Showing posts with label heatmap. Show all posts
Showing posts with label heatmap. Show all posts

Wednesday, April 17, 2019

Visualizing atmospheric carbon dioxide

Let's have a look at how to create a visualization that shows how CO2 concentrations evolved in the atmosphere. First, we fetched from the Earth System Research Laboratory website like follows:
import pandas as pd

data_url = 'ftp://aftp.cmdl.noaa.gov/products/trends/co2/co2_weekly_mlo.txt'
co2_data = pd.read_csv(data_url, sep='\s+', comment='#', na_values=-999.99,
                       names=['year', 'month', 'day', 'decimal', 'ppm', 
                       'days', '1_yr_ago',  '10_yr_ago', 'since_1800'])

co2_data['timestamp'] = co2_data.apply(lambda x: pd.Timestamp(year=int(x.year),
                                                             month=int(x.month),
                                                             day=int(x.day)),
                                       axis=1)
co2_data = co2_data[['timestamp', 'ppm']].set_index('timestamp').ffill()
Then, we group the it by year and month at the same time storing the result in a matrix where each element represents the concentration in a specific year and month:
import numpy as np
import matplotlib.pyplot as plt
from calendar import month_abbr

co2_data = co2_data['1975':'2018']
n_years = co2_data.index.year.max() - co2_data.index.year.min()
z = np.ones((n_years +1 , 12)) * np.min(co2_data.ppm)
for d, y in co2_data.groupby([co2_data.index.year, co2_data.index.month]):
  z[co2_data.index.year.max() - d[0], d[1] - 1] = y.mean()[0]
  
plt.figure(figsize=(10, 14))
plt.pcolor(np.flipud(z), cmap='hot_r')
plt.yticks(np.arange(0, n_years+1)+.5,
           range(co2_data.index.year.min(), co2_data.index.year.max()+1));
plt.xticks(np.arange(13)-.5, month_abbr)
plt.xlim((0, 12))
plt.colorbar().set_label('Atmospheric Carbon Dioxide in ppm')
plt.show()


This visualization makes us able to compare the CO2 levels month by month with single glance. For example, we see that the period from April to June gets dark quicker than other periods, meaning that it contains the highest levels every year. Conversely, the period that goes from September to October gets darker more slowly, meaning that it's the period with the lowest CO2 levels. Also, looking at the color bar we note that in 43 years there was a 80 ppm increase.

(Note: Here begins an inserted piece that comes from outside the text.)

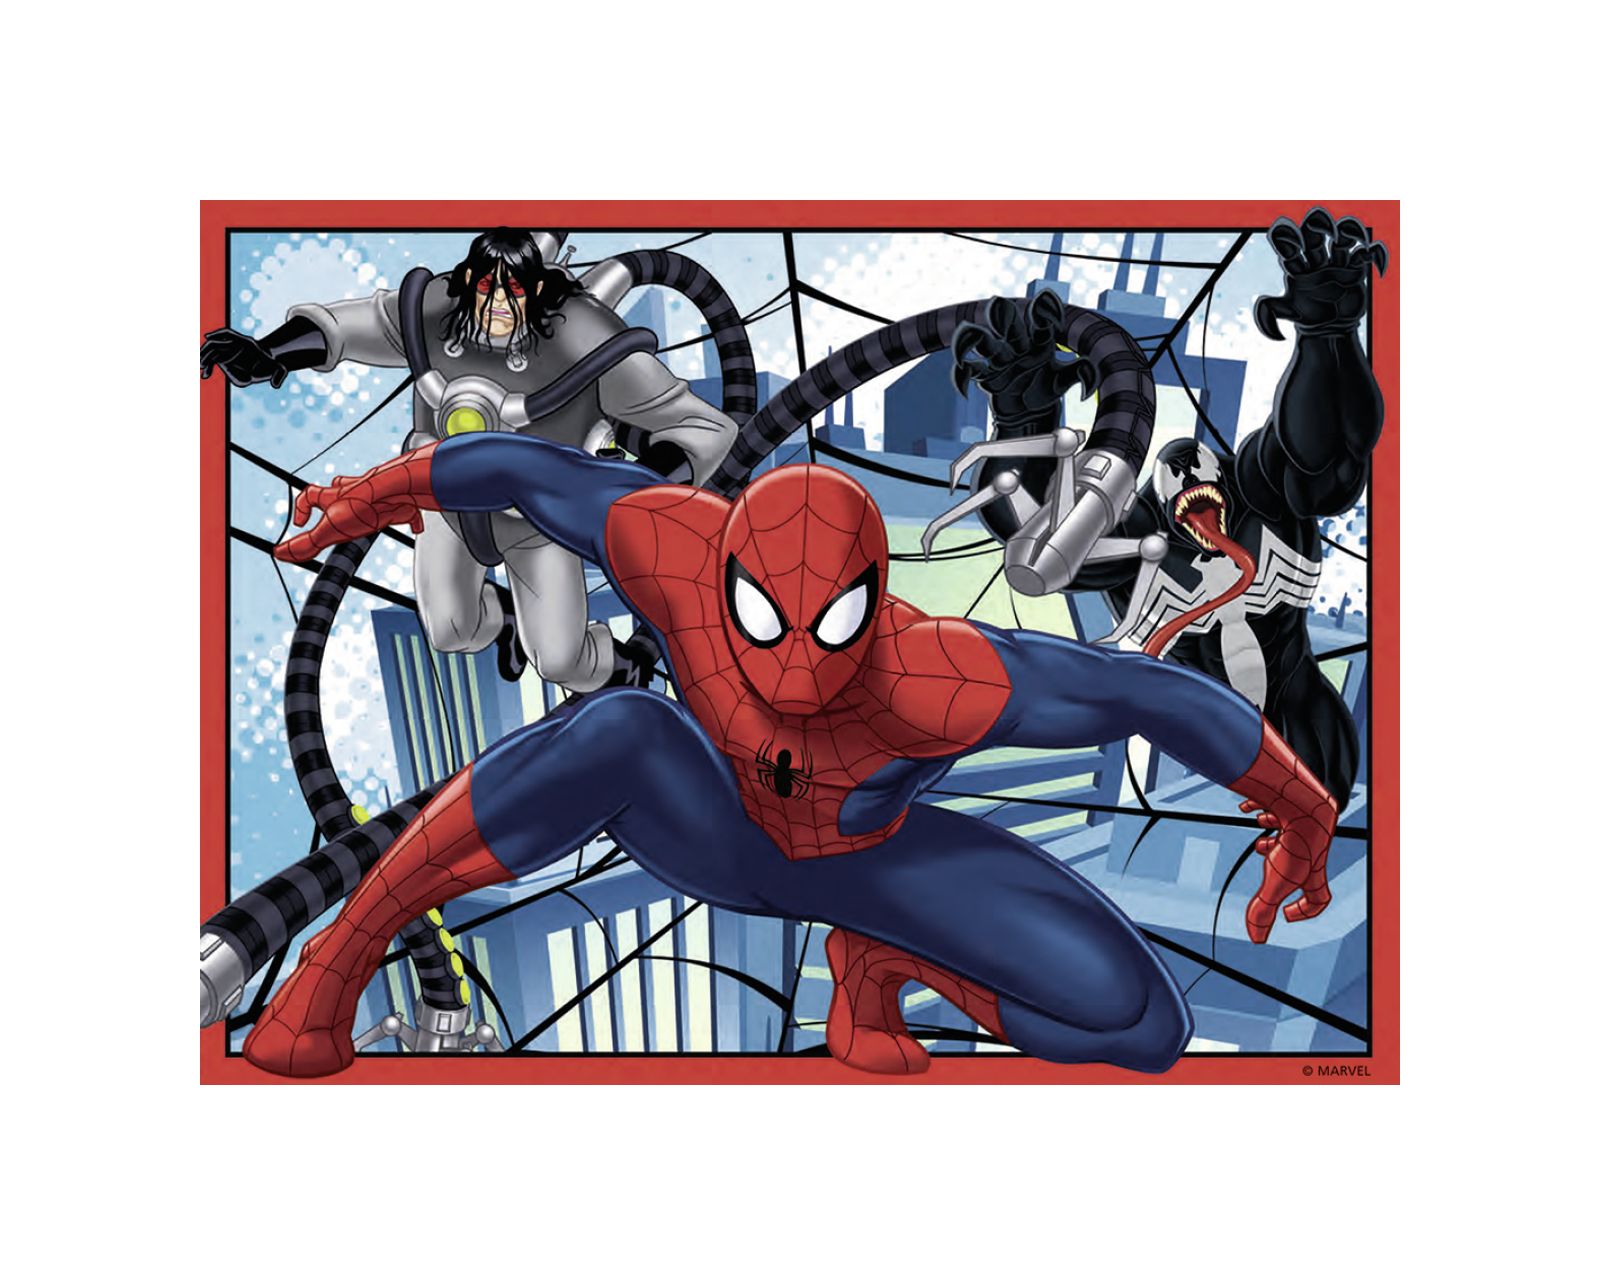 Ravensburger puzzle 4 in a box - ultimate spiderman - RAVENSBURGER, Spiderman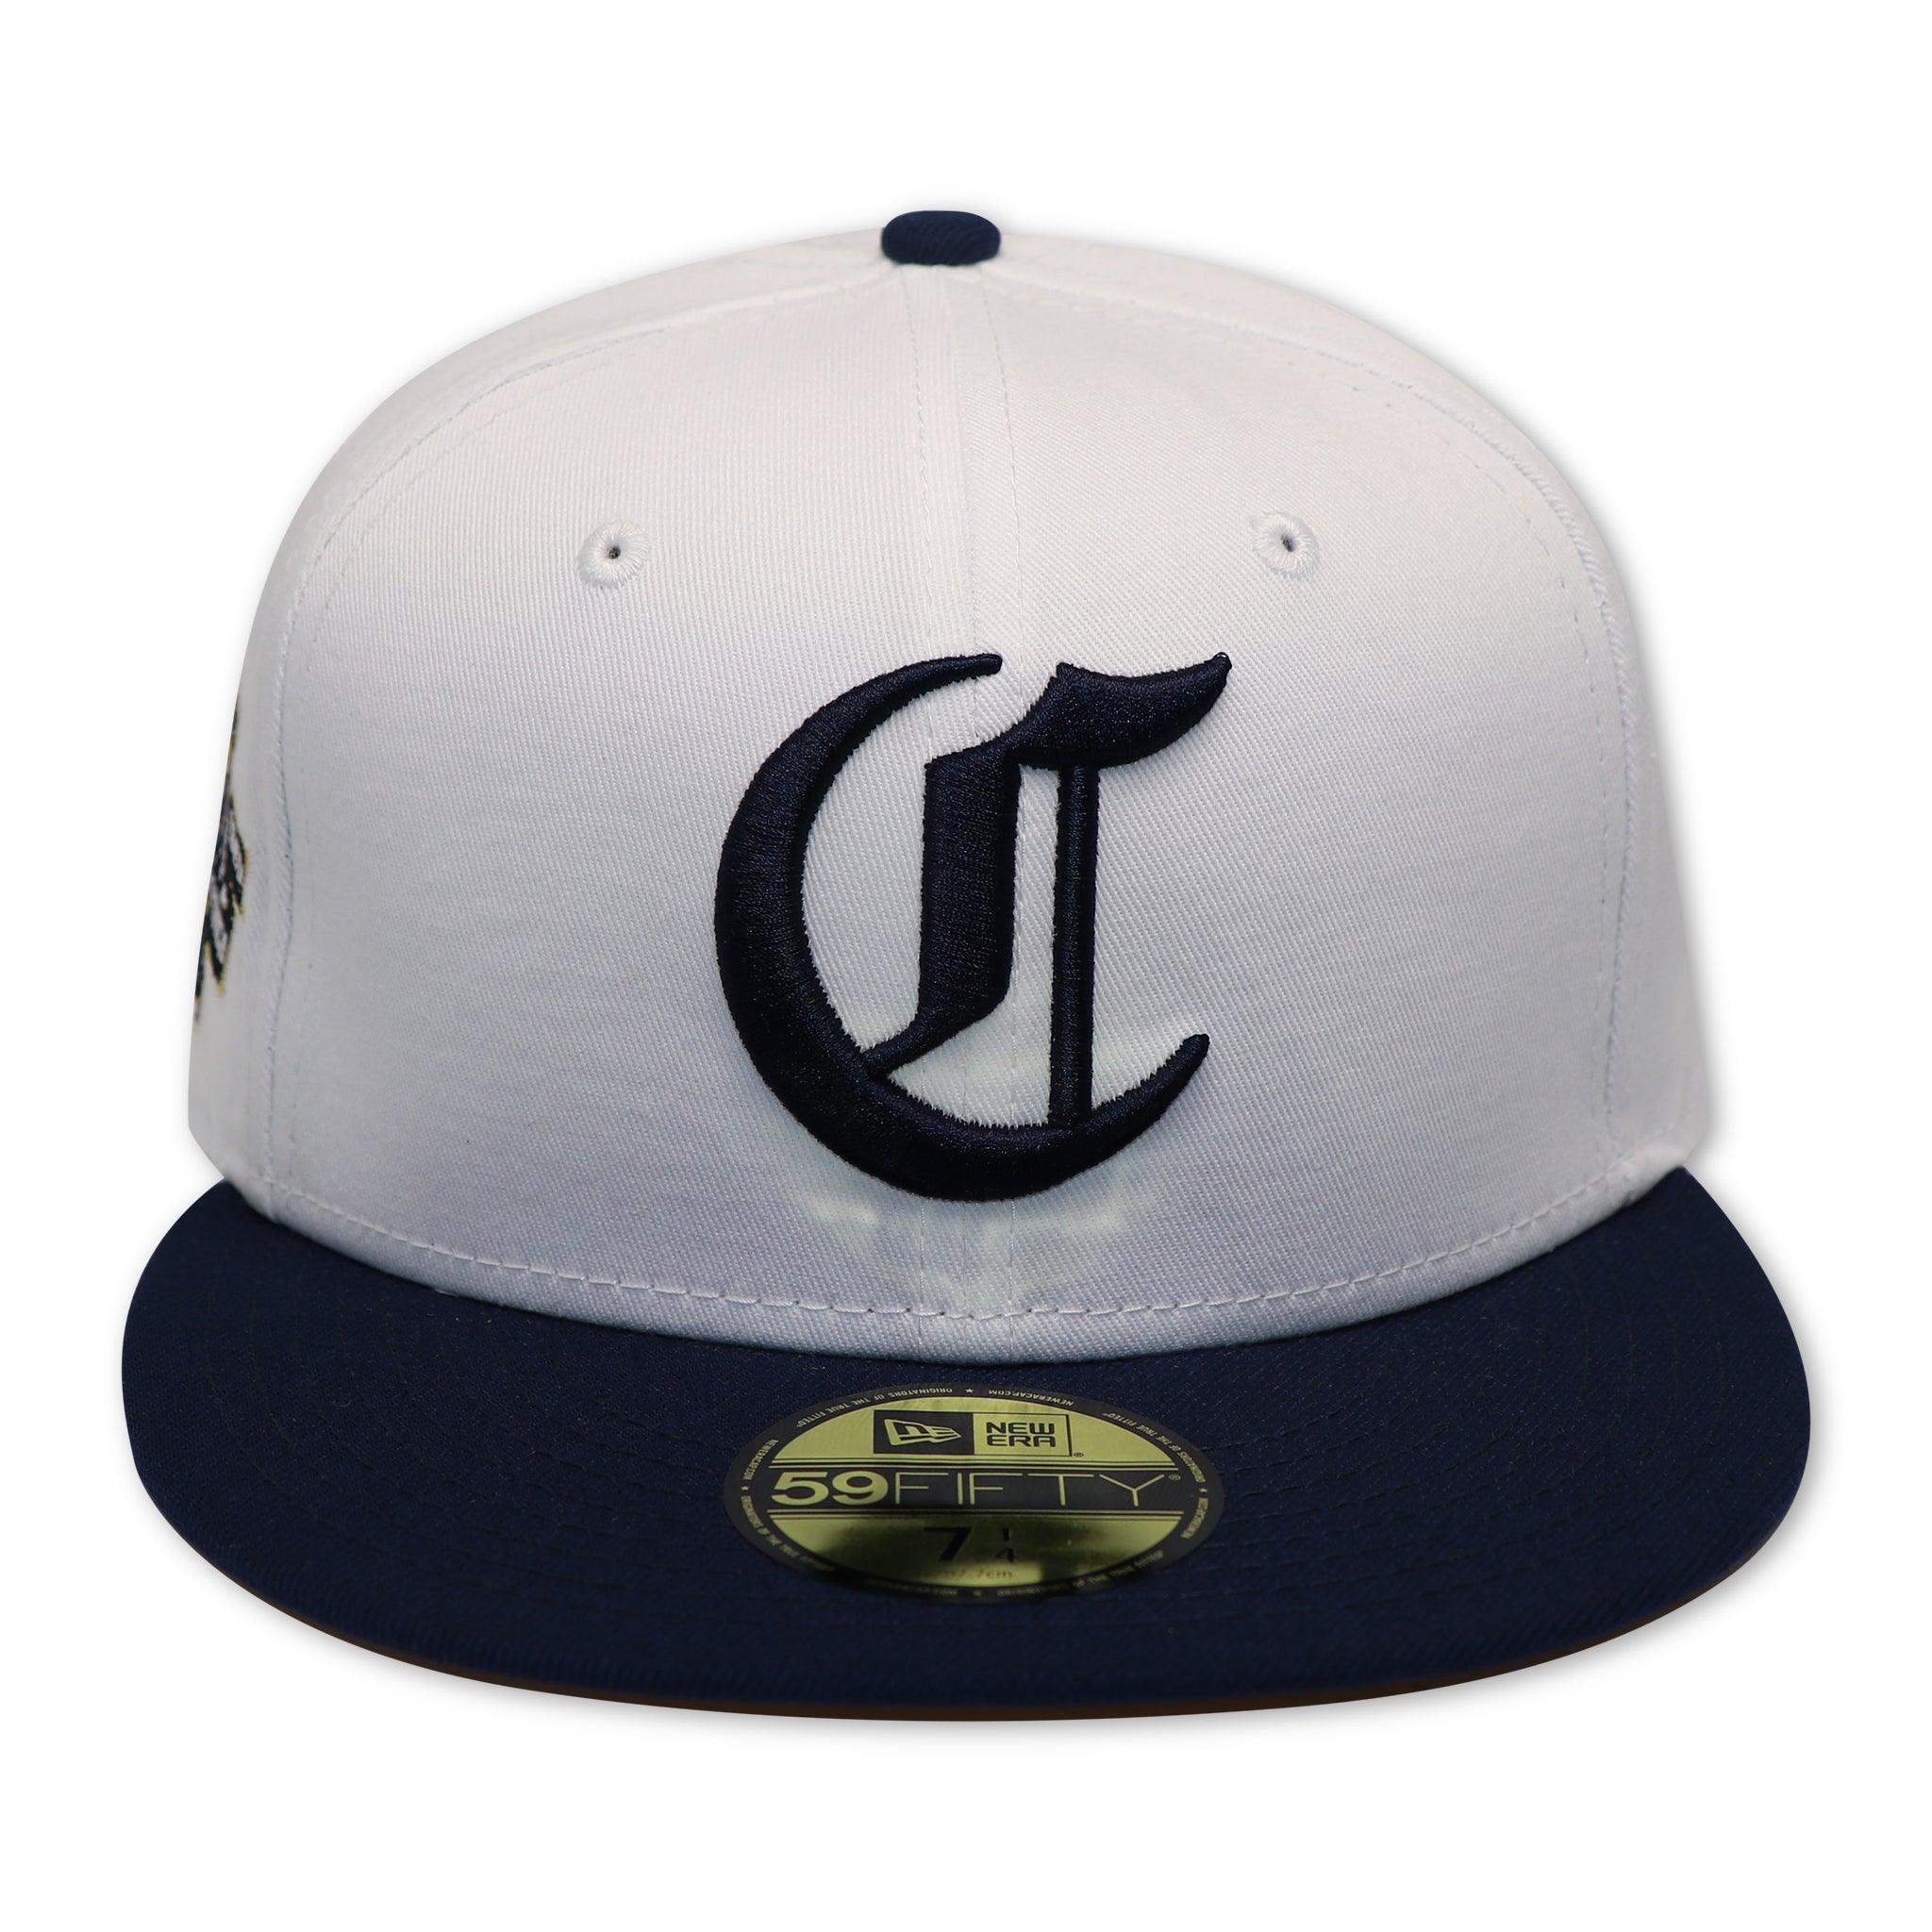 CINCINATTI REDS "150TH ANNIVERSARY" 59FIFTY FITTED (GOLD UNDER VISOR)

Is this bad for the planet earth? Reading Hansen et al. (2008) we can classify CO2 levels less than 300 ppm as safe, levels between 300 and 350 ppm as dangerous, while levels beyond 350 ppm are considered catastrophic. According to this, the chart is a sad picture of how the levels transitioned from dangerous to catastrophic!

Concerned by this situation I created the CO2 Forecast twitter account where I'll publish short and long term forecasts of CO2 levels in the atmosphere.

Friday, June 16, 2017

A heatmap of male to female ratios with Seaborn

In this post we will see how to create a heatmap with seaborn. We'll use a dataset from the Wittgenstein Centre Data Explorer. The data extracted is also reported here in csv format. It contains the ratio of males to females in the population by age for 1970 to 2015 (data reported after this period is projected). First, we import the data using Pandas:
import pandas as pd
import numpy as np

sex_ratios = pd.read_csv('m2f_ratios.csv', skiprows=8)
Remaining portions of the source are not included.